У меня есть необработанные данные с переменной времени, которые я хотел бы извлечь из кадра данных («F1») на основе критериев времени в другом кадре данных («period_F1»), и впоследствии выполнить несколько моделей регрессии для каждого подмножества, которое я хотите сохранить значения наклона и r-квадрата. Однако некоторые из этих критериев относятся к данным, которых нет в файле необработанных данных.

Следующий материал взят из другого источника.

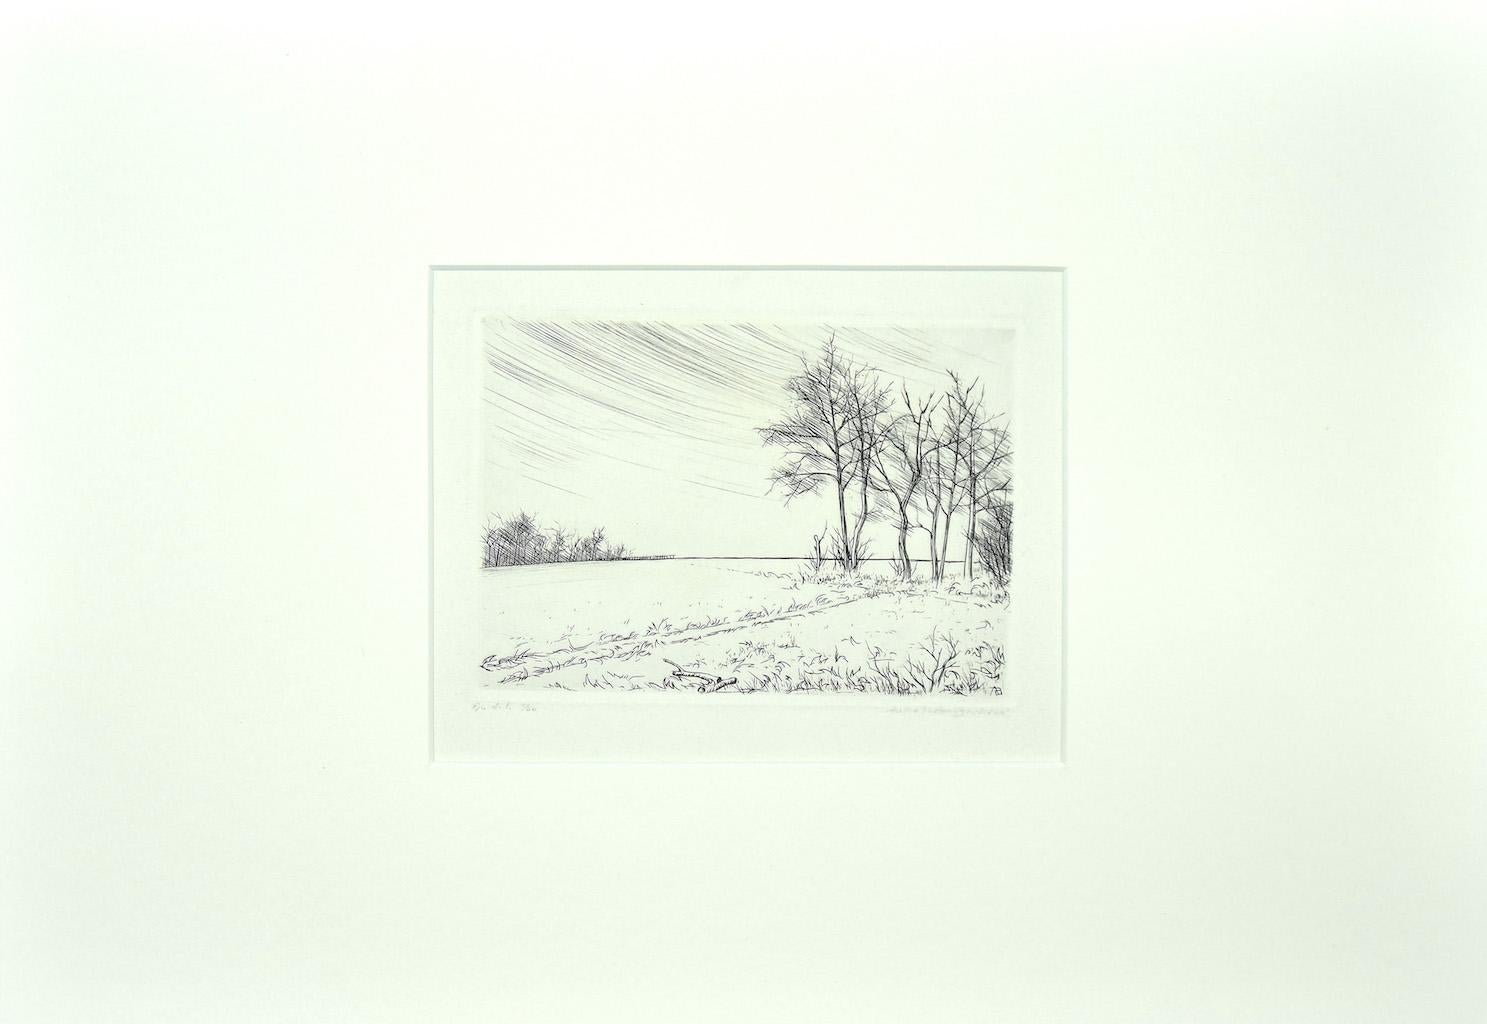 Landscape - Original Etching on Paper by Andre Roland Brudieux - 1970s - Print by André Roland Brudieux

#Example of raw data to be subsetted - F1
TIME DO
1 2017-10-30 07:26:00 6.034845
2 2017-10-30 07:56:00 6.091455
3 2017-10-30 08:26:00 6.140247
4 2017-10-30 08:56:00 6.212884
5 2017-10-30 09:26:00 6.349220
6 2017-10-30 09:56:00 6.531679
7 2017-10-30 10:26:00 6.679428
8 2017-10-30 10:56:00 6.836411
9 2017-10-30 11:26:00 6.960669
#Example of known periods_F1
Unique.ID.no. FLUME START END
1 1 1 2017-11-08 06:33:00 2017-11-08 08:32:00
2 5 1 2017-11-08 09:04:00 2017-11-08 11:52:00
3 9 1 2017-11-08 12:18:00 2017-11-08 15:05:00
4 13 1 2017-11-08 15:39:00 2017-11-08 17:49:00
5 17 1 2017-11-08 18:19:00 2017-11-08 23:32:00
6 21 1 2017-11-09 00:06:00 2017-11-09 05:15:00
7 25 1 2017-11-09 05:55:00 2017-11-09 08:37:00
8 29 1 2017-11-09 09:07:00 2017-11-09 11:49:00
9 33 1 2017-11-09 12:21:00 2017-11-09 15:03:00
Сначала я создаю функцию, которая подгруппирует данные на основе временного интервала из известных критериев в другом кадре данных. Я также строю список, в котором я буду хранить эти подмножества данных, а также фрейм данных, в котором я буду хранить суммарные коэффициенты для каждой регрессии.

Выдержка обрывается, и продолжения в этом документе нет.